ENTRIES SUPPLIED:
- - -

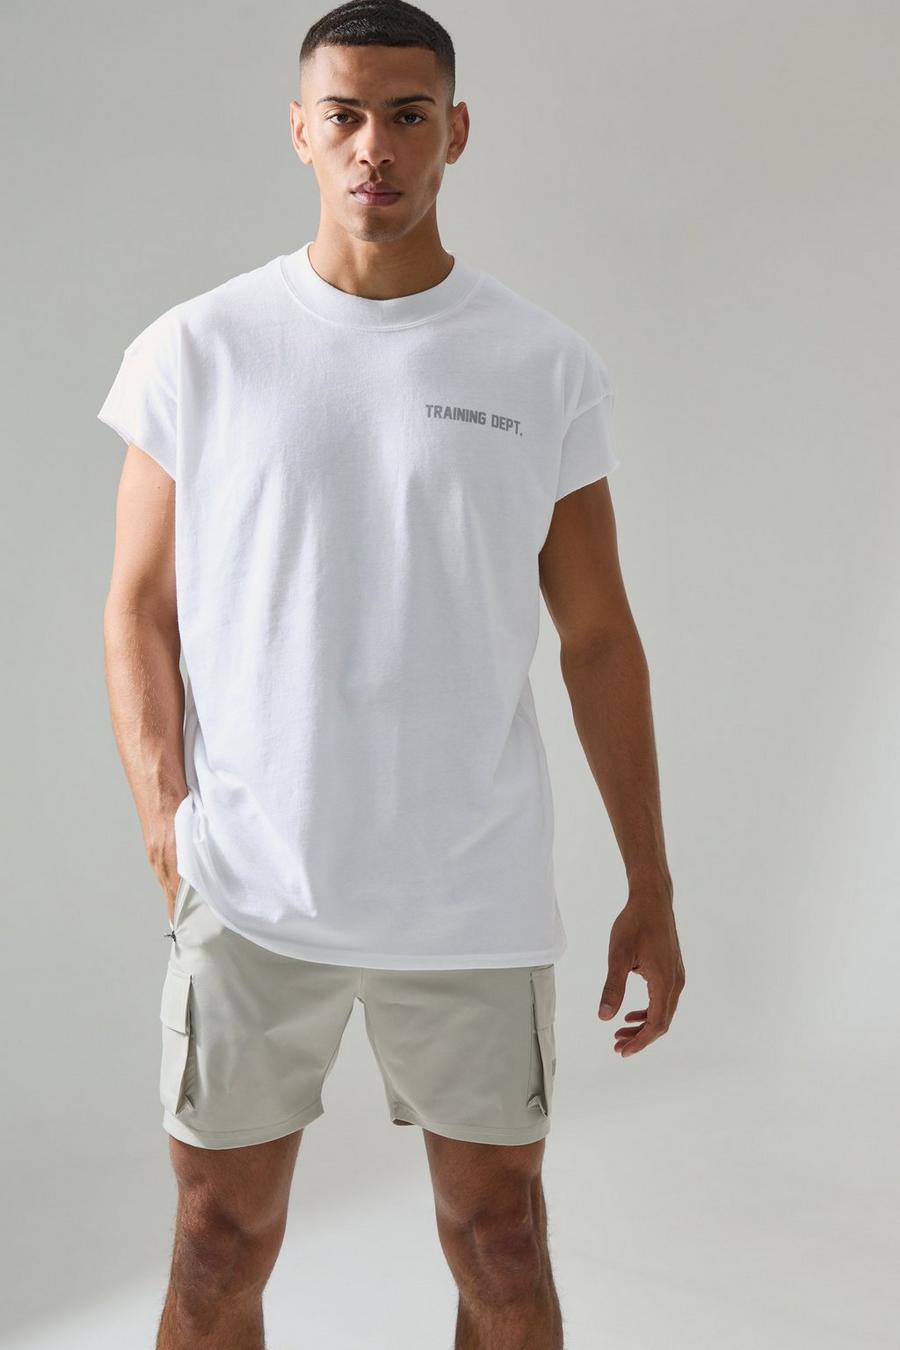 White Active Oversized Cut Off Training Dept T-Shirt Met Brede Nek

- - -

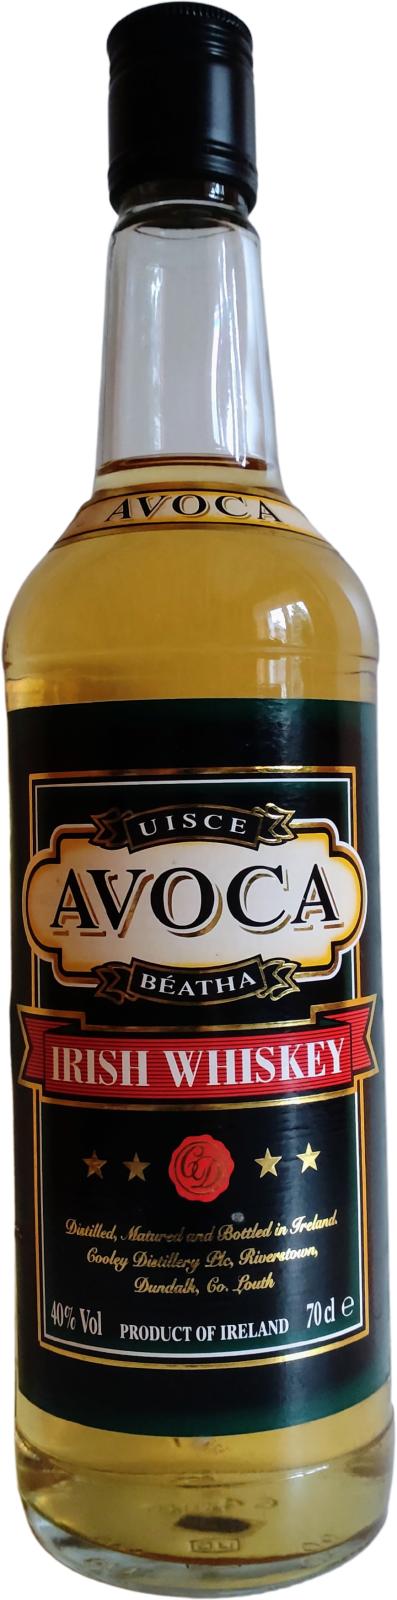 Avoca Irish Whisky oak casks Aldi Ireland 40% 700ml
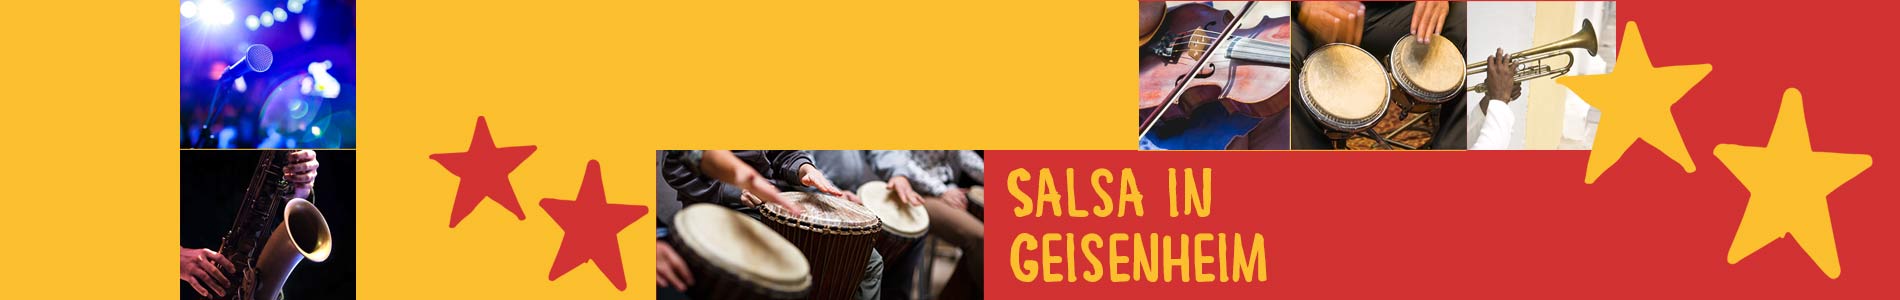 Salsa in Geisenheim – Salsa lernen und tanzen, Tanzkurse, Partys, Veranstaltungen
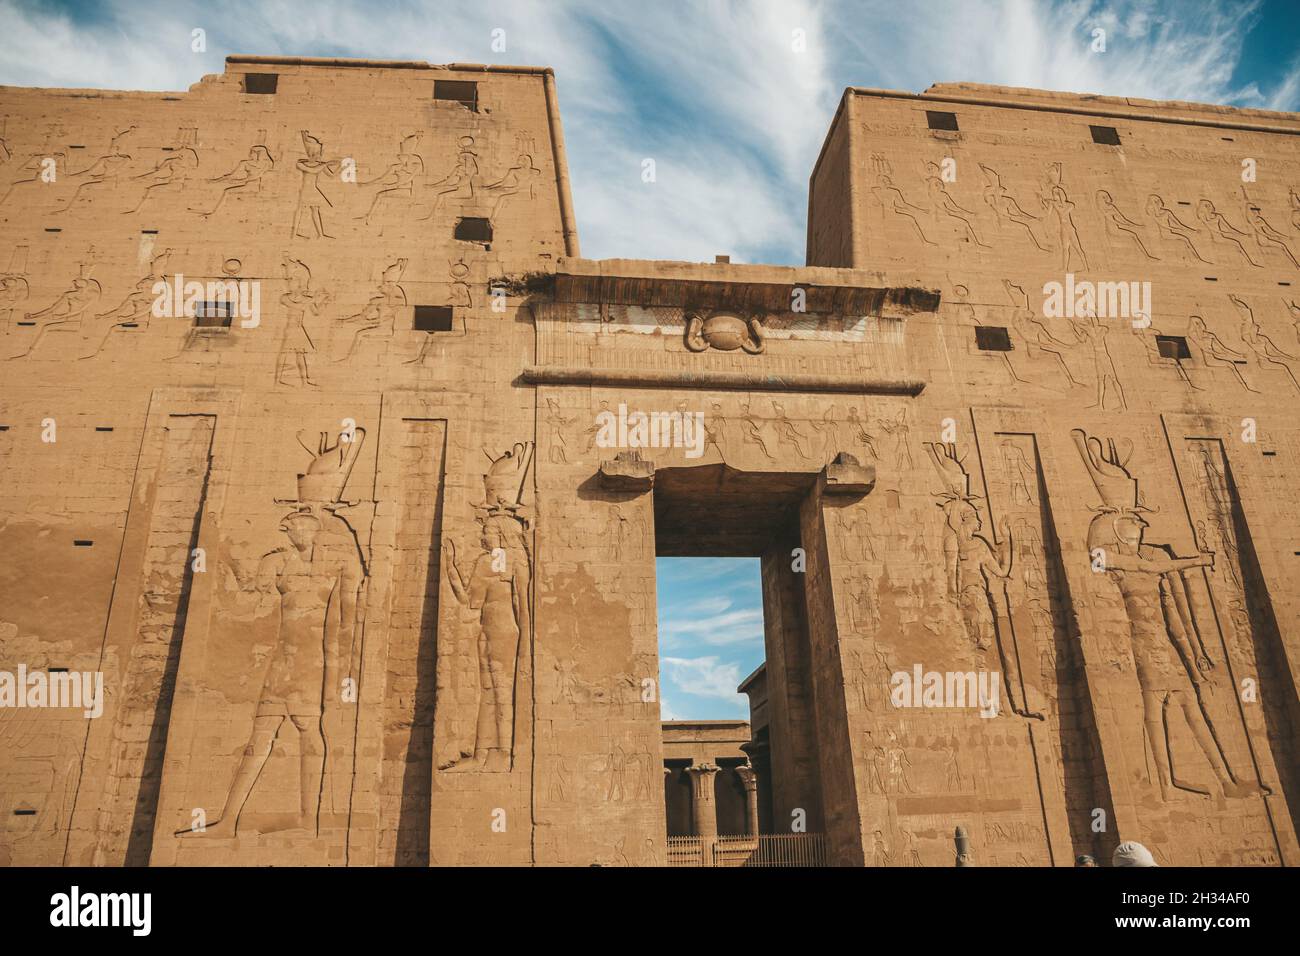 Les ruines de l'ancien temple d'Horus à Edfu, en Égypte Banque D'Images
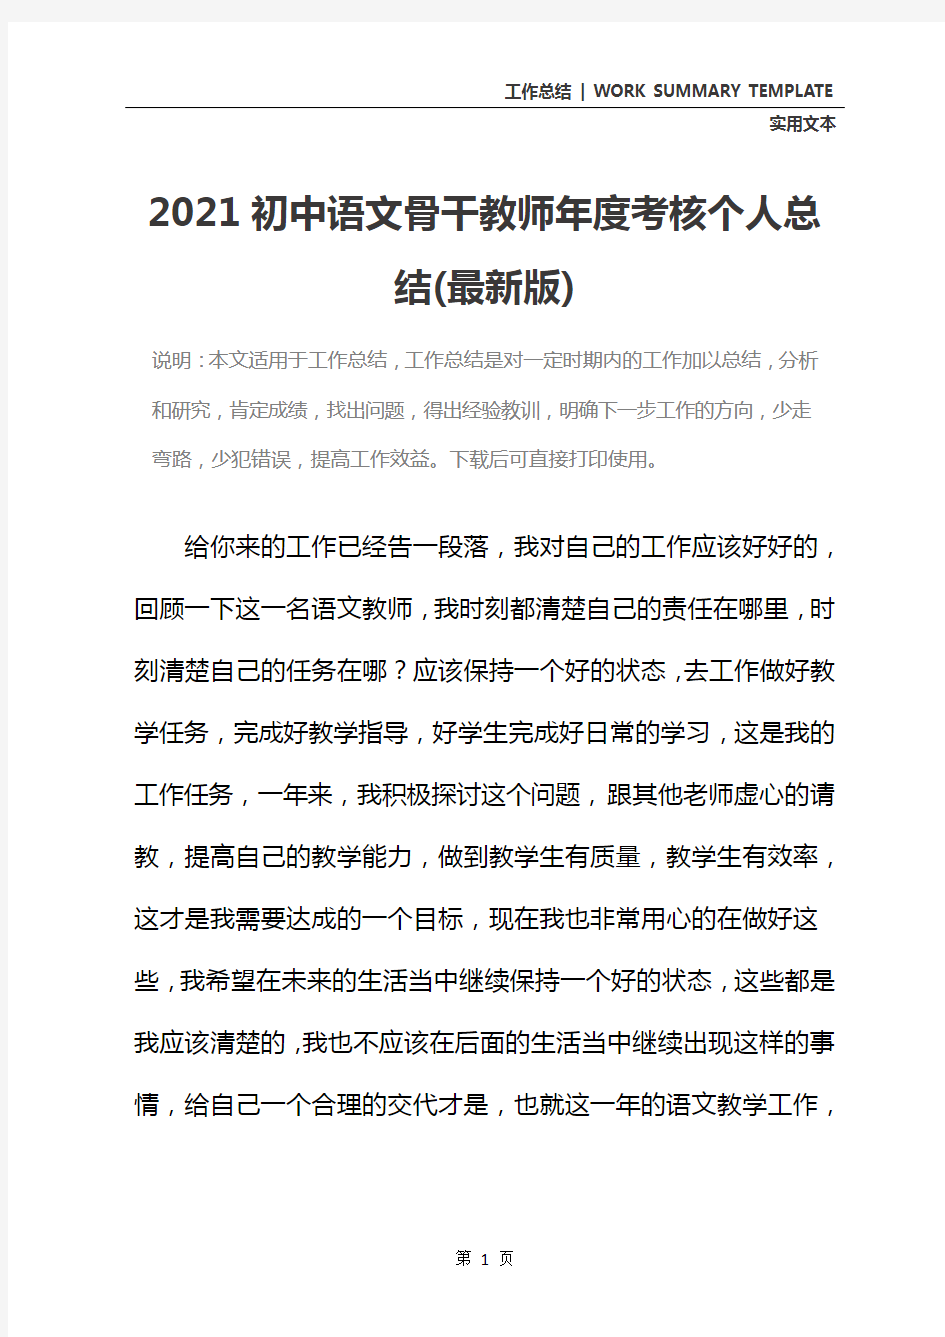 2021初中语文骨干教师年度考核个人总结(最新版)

- - -

WORK REQUEST: From the line containing "Avoca Irish Whisky" through the line containing "2021初中语文骨干教师年度考核个人总结(最新版)", copy every line above exactly, without pictures.

FINISHED EXERCISE:
 Avoca Irish Whisky oak casks Aldi Ireland 40% 700ml
 Salsa in Geisenheim – Salsa lernen und tanzen, Tanzkurse, Partys, Veranstaltungen
 Les ruines de l'ancien temple d'Horus à Edfu, en Égypte Banque D'Images
 2021初中语文骨干教师年度考核个人总结(最新版)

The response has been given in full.